What is agent observability within Google Cloud?

Application Monitoring in Google Cloud provides both agent observability and application observability. This service provides dashboards and topology maps that let you understand the health and performance of your App Hub applications, services, and workloads. It also generates and displays metrics such as error rates and token usage for AI resources.
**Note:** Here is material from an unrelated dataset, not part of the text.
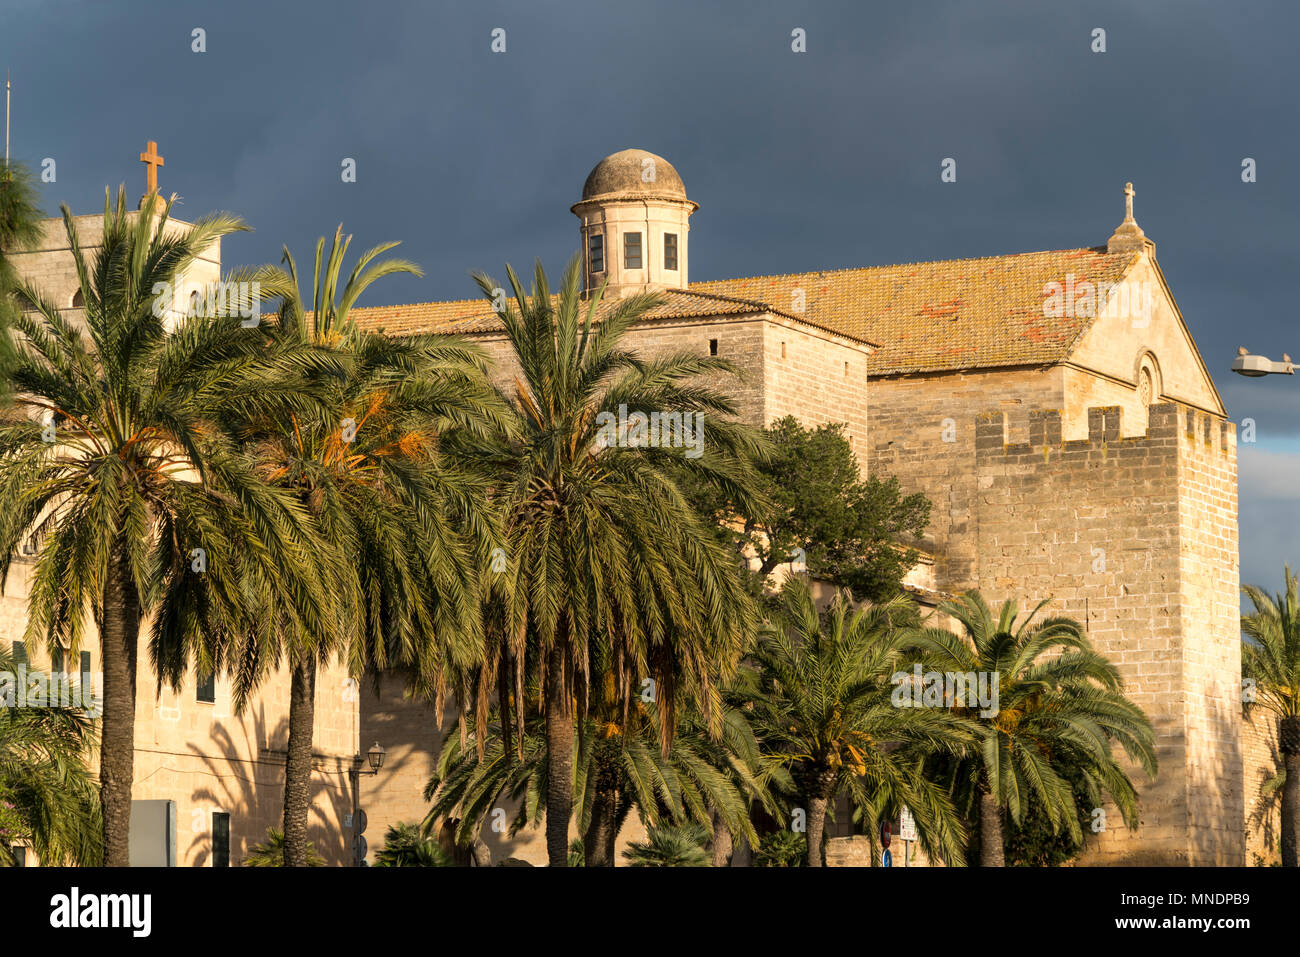 Kirche Esglesia de Sant Jaume, Alcudia Maiorca Balearen, Spanien | chiesa Esglesia de Sant Jaume, Maiorca, isole Baleari, Spagna, Foto Stock

To generate these metrics, Application Monitoring filters and aggregates your trace data using application-specific labels and events that follow the OpenTelemetry GenAI semantic conventions .

For agent observability, we recommend building your agents with the Agent Development Kit (ADK) framework . Because ADK relies on OpenTelemetry , the telemetry ADK generates is consistent with the OpenTelemetry GenAI semantic conventions.

To debug failures, monitor costs, or analyze agent behavior—including from Gemini Enterprise Agent Platform, Agent Gateway, and Model Armor agents—you need log, metric, and trace data:

  • Logs provide information about events and errors.
  • Metrics lets you monitor your latency and token usage.
  • Traces provide information about execution paths, and are analyzed to derive metrics such as the number of model calls or total token usage. These derived metrics provide visibility into agent performance and behavior. For more information, see View AI resources .
  • Prompt and response data lets you assess agent quality and decision-making using the Gen AI evaluation service.

The Application Monitoring dashboard for an application displays a list of the application's services and workloads, such as Gemini Enterprise apps , Gemini Enterprise Agent Platform agents and MCP servers:

An overview that lists the services and workloads in an application.

You can identify agentic services and workloads by using the infrastructure type or the App Hub functional type . The functional type column is hidden by default.

Get started with agent observability

For information about how to build, deploy, and manage AI agents that use reasoning and tools to perform complex enterprise tasks, see Agents overview .

To learn how to perform evaluations, which provide information about agent quality, see Agent evaluation .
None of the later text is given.